Upon the instructions given and the testimony adduced, the case was submitted to the jury, which returned a verdict in favor of the appellee. Judgment was entered in accordance with the verdict, from which is this appeal.

*756It is insisted by the appellant that the testimony of Feldman and the employee is so unreasonable as to make it obviously impossible for it to be true. While it may be improbable, we do not think it is of such a nature as to render it reasonably impossible for it to be true, and, under the settled rule that the jury are the judges of the credibility of the witnesses, we have no right to disregard ' that testimony, it not being of the character of that rejected by this court in Waters Pierce Oil Co. v. Knisel, 79 Ark. 608, 96 S. W. 342, and Platt v. Owens, 183 Ark. 261, 35 S. W. (2d) 358.

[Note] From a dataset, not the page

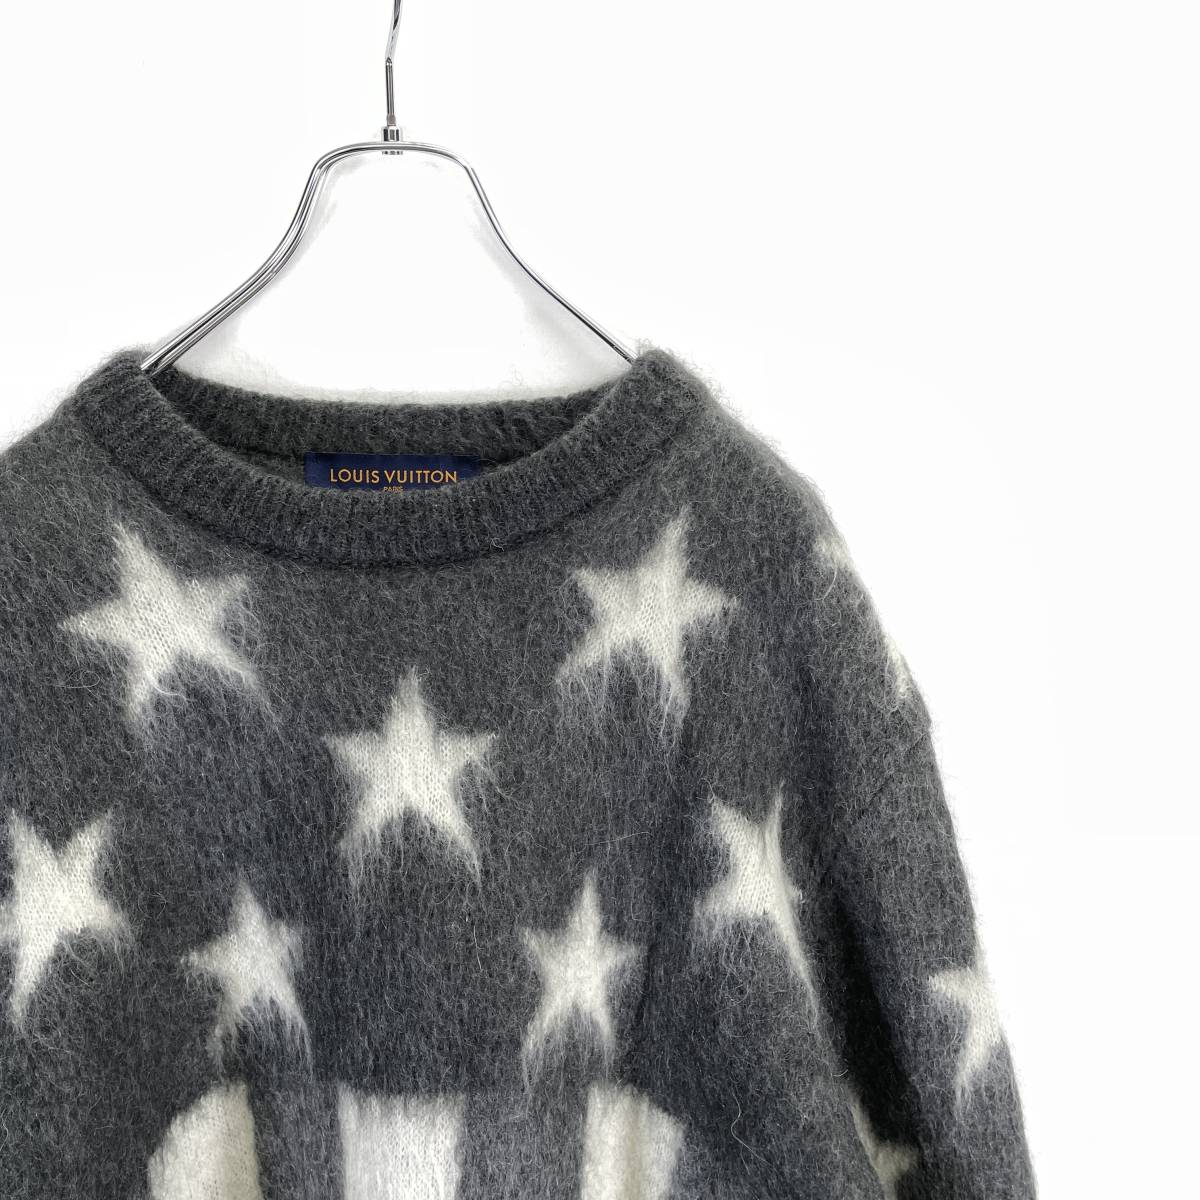 LOUIS VUITTON ルイヴィトン 星条旗 モヘヤ混 ニット セーター未使用数回使用程度の超美品
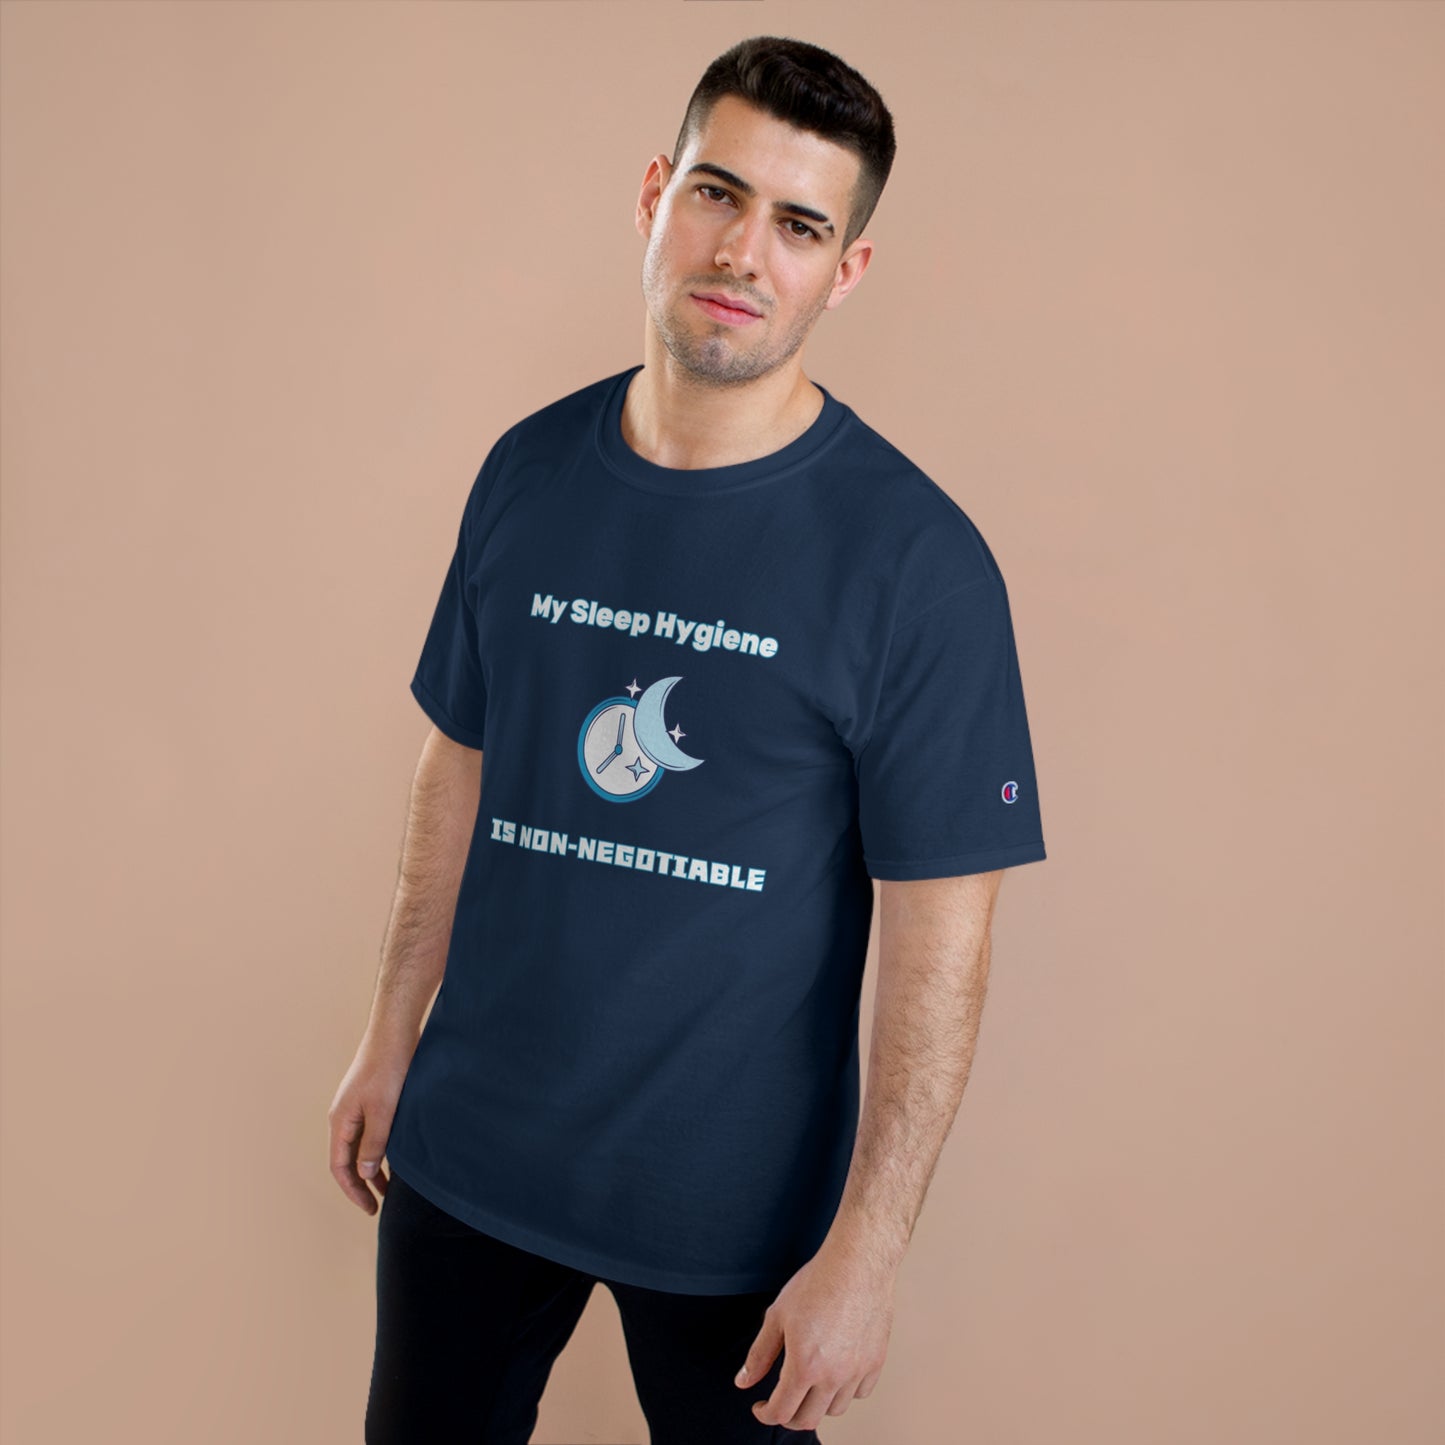 "My Sleep Hygiene is Non-Negotiable" Champion Men's T-Shirt

It is next insisted that the testimony was incompetent because it tended to vary and add to the written provisions of the order. On the other hand, the appellee con- - tends that the purpose of the evidence was not to vary or contradict the terms of the contract, but to show that the contract offered in evidence by the appellant was not in fact the contract entered into, and, to sustain this position, relies on the cases of Barton-Parker Mfg. Co. v. Taylor, 78 Ark. 586, 94 S. W. 713; Pickler v. Arkansas Packing Co., 112 Ark. 33, 164 S. W. 764; Worthen v. Stewart, 116 Ark. 306, 172 S. W. 855; White Sewing Machine Co. v. Atkinson & Son, 126 Ark. 206, 190 S. W. 111; Case Threshing Mch. Co. v. Southwestern Veneer Co., 135 Ark. 607, 205 S. W. 978; Pictorial Review Co. v. Rosen, 171 Ark. 720, 285 S. W. 385; New Home Sewing Machine Co. v. Westmoreland, 183 Ark. 769, 38 S. W. (2d) 314.

Without reviewing these cases at length, it may be said that they are distinguishable from the case at bar, for in all of them the element of fraud entered into the procurement of contract and were conditions precedent to their validity. Here the contract was not induced by any fraudulent misrepresentation as to character of the. article sold. It is unambiguous, executed in duplicate, signed by Feldman, and the copy kept by him. It negatives his contention that the goods were shipped to him for the account of the seller (Reuter Milling Co. v. McKinney, 170 Ark. 84, 278 S. W. 963), and shows an uncon*757ditional contract of purchase and sale. The testimony relative to the agreement to do specialty work and assist in the sale tended at best to establish merely an independent agreement collateral to the main issue, and was a promissory representation of an intention as to some act in the future. Such representations are not conditions precedent to the validity of the contract, and the failure to perform them does not entitle the buyer to disavow the contract and refuse the payment of the purchase price. Similar representations as in the instant case were considered in the cases of Whitmore v. Scoggin, 147 Ark. 236, 227 S. W. 610; Stevens v. Chatfield, 230 Ky. 194, 18 S. W. (2d) 1006; Stevens v. Smotherman, 223 Mo. App. 1078, 24 S. W. (2d) 670; Security Savings Bank v. Capp, 193 Iowa 278, 186 N. W. 927; Marshall Mill Co. v. Hintz-Cameron Co., 156 Minn. 301; Fleming v. Gerlinger Motor Car Co., 286 Or. 195, 168 Pac. 289. And in all of them the views we have reached were adopted. The court therefore erred in its declaration of. law, and the judgment is reversed, and the cause remanded.